In [None]:
# !brew install poppler tesseract libmagic
#install globally
#brew install tesseract poppler libmagic
# echo 'export PATH="/opt/homebrew/bin:$PATH"' >> ~/.zshrc
# source ~/.zshrc

In [None]:
import os

from dotenv import load_dotenv
load_dotenv()

os.environ["OPENAI_API_KEY"] = os.getenv("OPENAI_API_KEY")
os.environ["GROQ_API_KEY"] = os.getenv("GROQ_API_KEY")
os.environ["LANGCHAIN_API_KEY"] = os.getenv("LANGCHAIN_API_KEY")
os.environ["LANGCHAIN_TRACING_V2"] = os.getenv("LANGCHAIN_TRACING_V2")

### Partition PDF tables, text, and images

In [None]:

import os

os.environ["PATH"] += os.pathsep + "/opt/homebrew/bin"

In [None]:
import subprocess
import sys

# Check if tesseract is accessible
try:
    result = subprocess.run(["tesseract", "--version"], capture_output=True, text=True)
    print("Tesseract version:", result.stdout)
except FileNotFoundError:
    print("Tesseract not found in PATH")

# Check PATH
import os

print("Current PATH:", os.environ.get("PATH", ""))

In [None]:
from unstructured.partition.pdf import partition_pdf

output_path = "./content/"
file_path = output_path + "attention.pdf"

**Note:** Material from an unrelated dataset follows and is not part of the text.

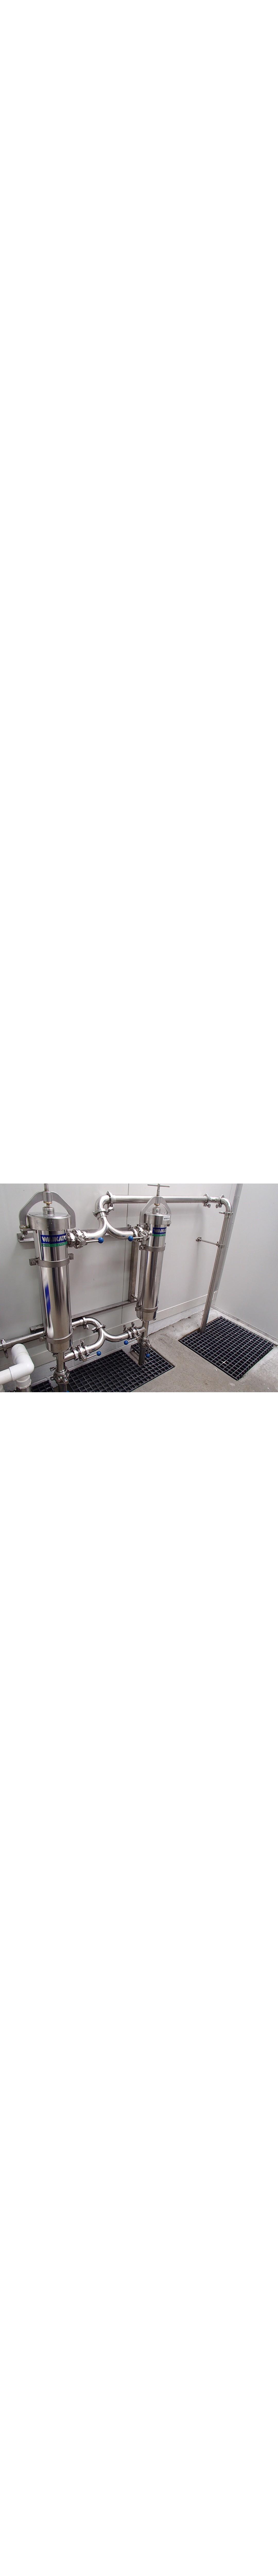 Stainless Steel Milk Filters
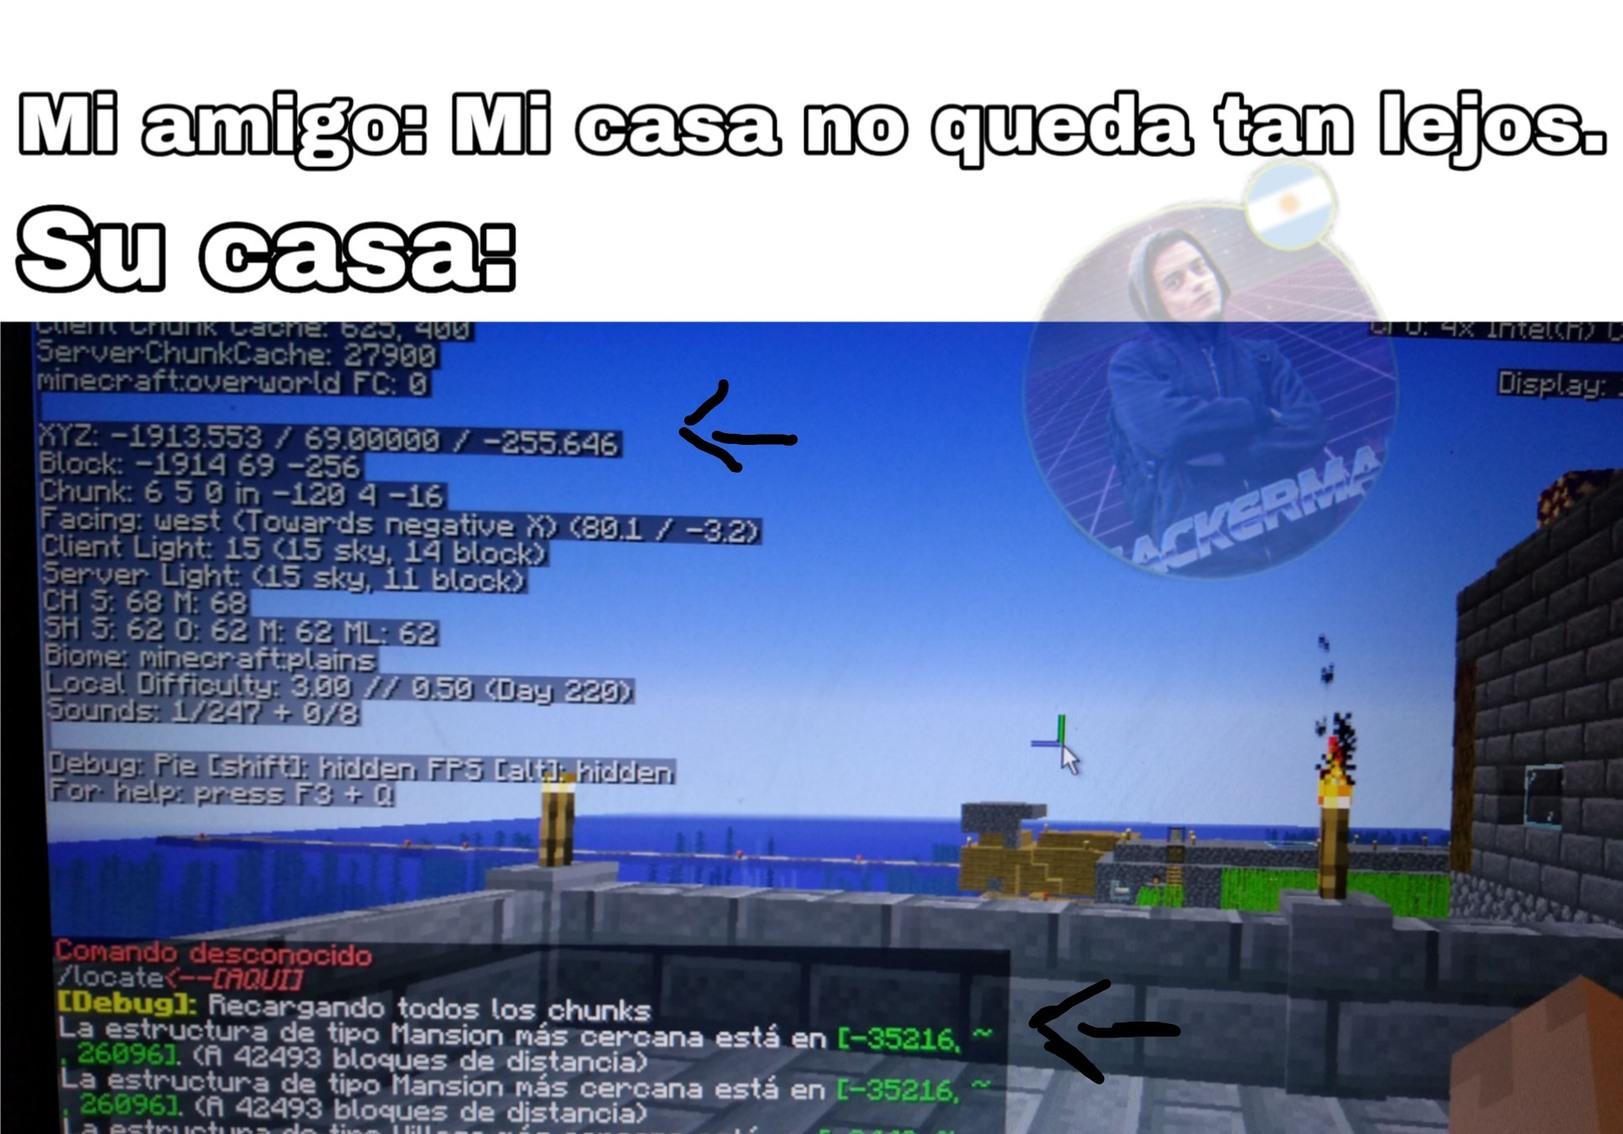 FLACO QUE POSIBILIDADES HAY? - meme

# Reference: https://docs.unstructured.io/open-source/core-functionality/chunking
chunks = partition_pdf(
    filename=file_path,
    infer_table_structure=True,  # extract tables
    strategy="hi_res",  # mandatory to infer tables
    extract_image_block_types=[
        "Image"
    ],  # Add 'Table' to list to extract image of tables
    # image_output_dir_path=output_path,   # if None, images and tables will saved in base64
    extract_image_block_to_payload=True,  # if true, will extract base64 for API usage
    chunking_strategy="by_title",  # or 'basic'
    max_characters=10000,  # defaults to 500
    combine_text_under_n_chars=2000,  # defaults to 0
    new_after_n_chars=6000,
    # extract_images_in_pdf=True,          # deprecated
)

In [None]:
set([str(type(el)) for el in chunks])

In [None]:
chunks

### an image example

In [None]:
elements = chunks[3].metadata.orig_elements
chunk_images = [el for el in elements if "Image" in str(type(el))]
chunk_images[0].to_dict()

In [None]:
from unstructured.documents.elements import Table, CompositeElement, Text, Title

tables = []
texts = []
images = []

for chunk in chunks:
    # print(chunk)
    # print(type(chunk))
    # Case 1: Direct Table element (not wrapped in CompositeElement)
    if isinstance(chunk, Table):
        tables.append(chunk)

    # Case 2: CompositeElement (e.g., Title + Text + Table grouped)
    elif isinstance(chunk, CompositeElement):
        texts.append(chunk)
        orig_elements = getattr(chunk.metadata, "orig_elements", [])
        for el in orig_elements:
            if isinstance(el, Table):
                tables.append(el)

In [None]:
tables

In [None]:
texts

In [None]:
# Get the images from the CompositeElement objects
def get_images_base64(chunks):
    images_b64 = []
    for chunk in chunks:
        if "CompositeElement" in str(type(chunk)):
            chunk_els = chunk.metadata.orig_elements
            for el in chunk_els:
                if "Image" in str(type(el)):
                    images_b64.append(el.metadata.image_base64)
    return images_b64


images = get_images_base64(chunks)

In [None]:
images

### Text and Table Summary

In [None]:
from langchain_groq import ChatGroq
from langchain_core.prompts import ChatPromptTemplate
from langchain_core.output_parsers import StrOutputParser

In [None]:
# Prompt
prompt_text = """
You are an assistant tasked with summarizing tables and text.
Give a concise summary of the table or text.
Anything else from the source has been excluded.